Xbox Oneとのクロスバイや連携は評価できるが

ここ昨今のWindows 10とXbox Oneの動きを見ると、Microsoftが「GfWL」からより便利なサービスを生み出そうとしている姿勢は理解できる。たとえばWindows 10とXbox One上ではクロスバイ機能が『Quantum Break』などで導入される予定となっており、片方のプラットフォームにて購入したゲームは、買い直す必要無くもう片方のプラットフォームにてプレイすることができるようになる。「Xboxアプリ」を通じて双方のプラットフォームの垣根を無くし、より便利にゲームが遊べるようにしたいというMicrosoftの動きはとても活発だ。

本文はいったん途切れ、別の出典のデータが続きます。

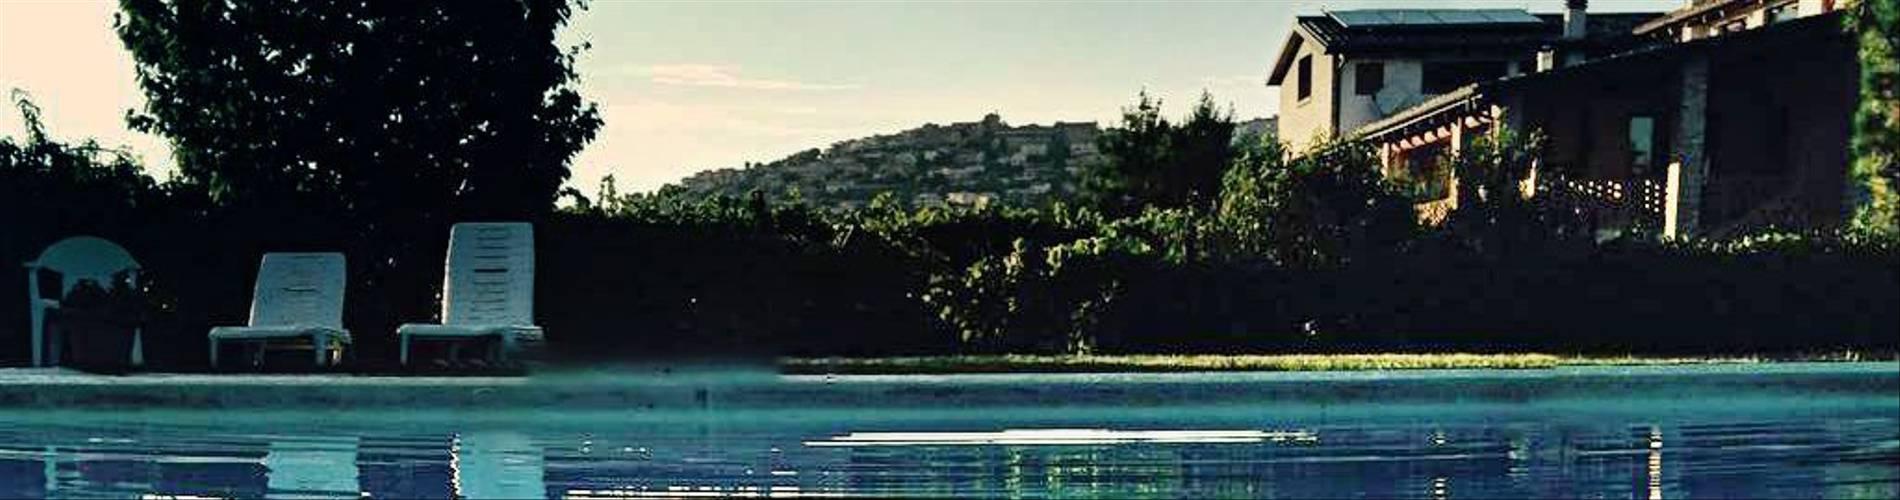 Il Grappolo, Abruzzo, Italy.jpg
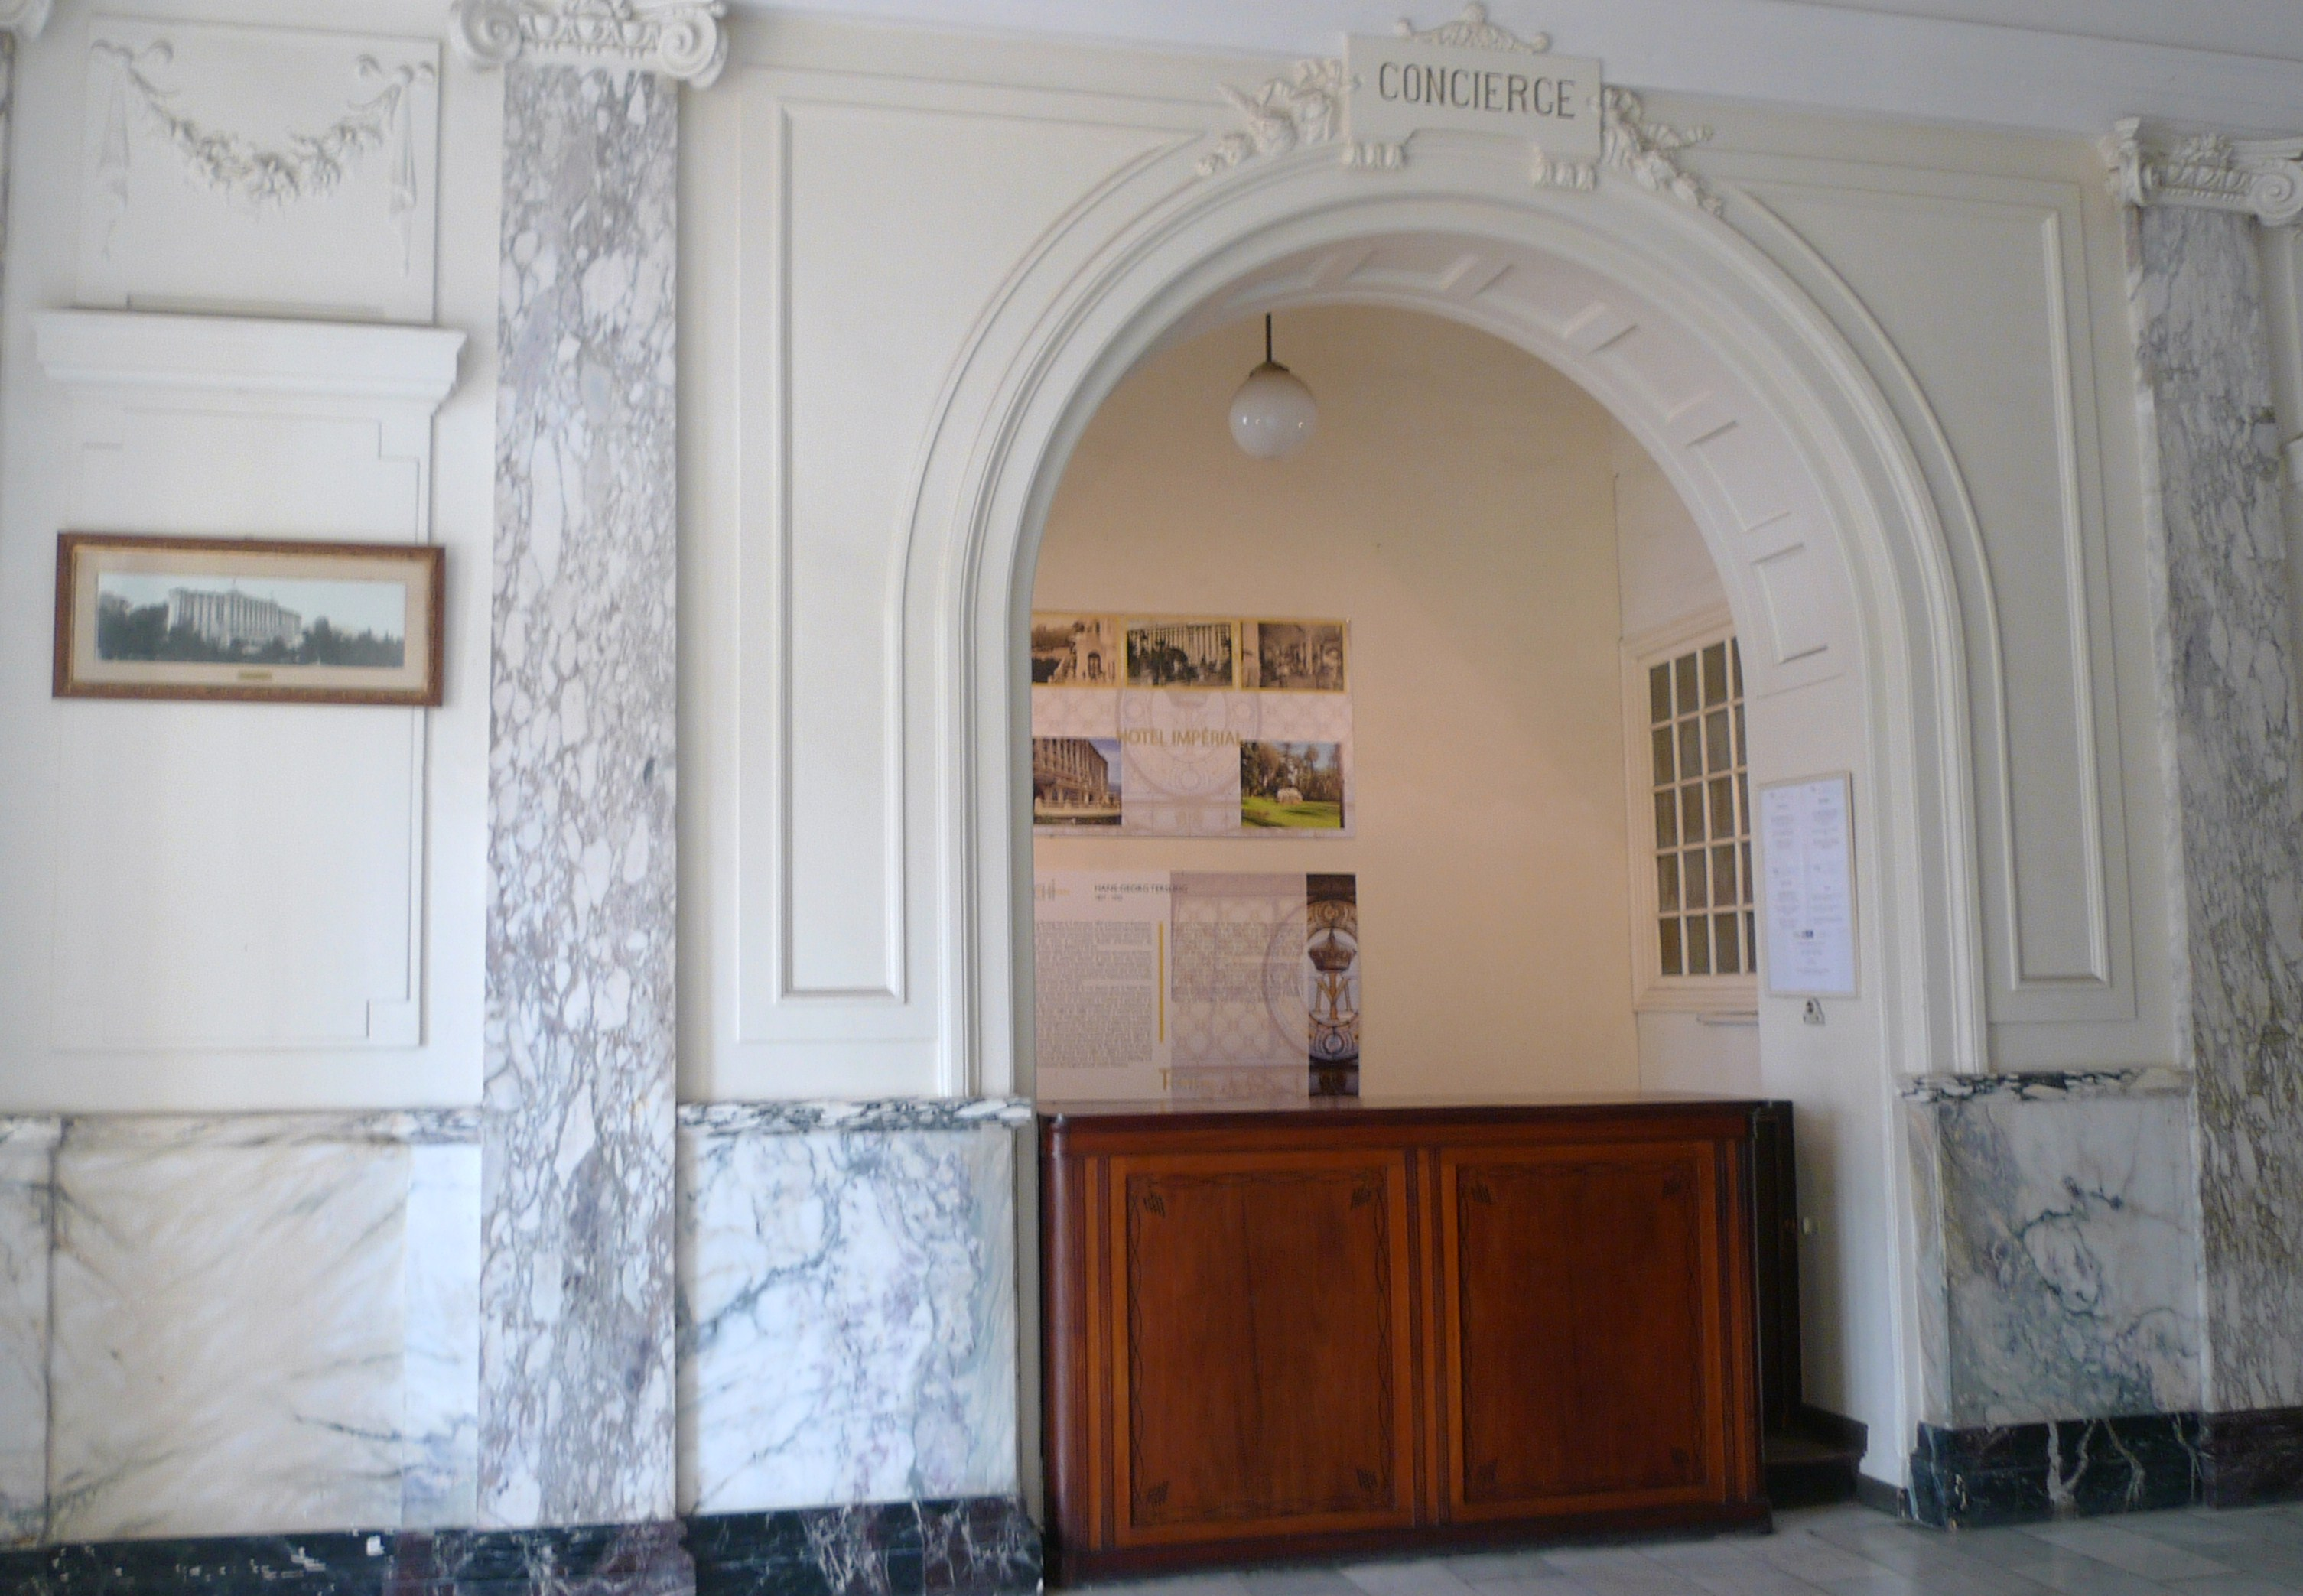 panneaux offerts par le patrimoine au niveau de la loge du concierge imperial. Black Bedroom Furniture Sets. Home Design Ideas

ただ、現状の「Windows Store」にWindows 10ゲームを縛る行為は、”GfWLの再来”と言わざるを得ない。このままでは、利用したくも無いが統合されているため「GfWL」を仕方なく利用していた過去のように、「Windows Store」を仕方なく利用するユーザーが後を絶たない状況となるだろう。そして上記した問題の改善が進まなければ、MicrosoftはPCゲーマーたちからの信頼をさらに失うことになる。Spencer氏が語るようにMicrosoftが今度「Windows Store」の改善を推し進めるのか、期待と不安を抱えつつその動向を見守りたい。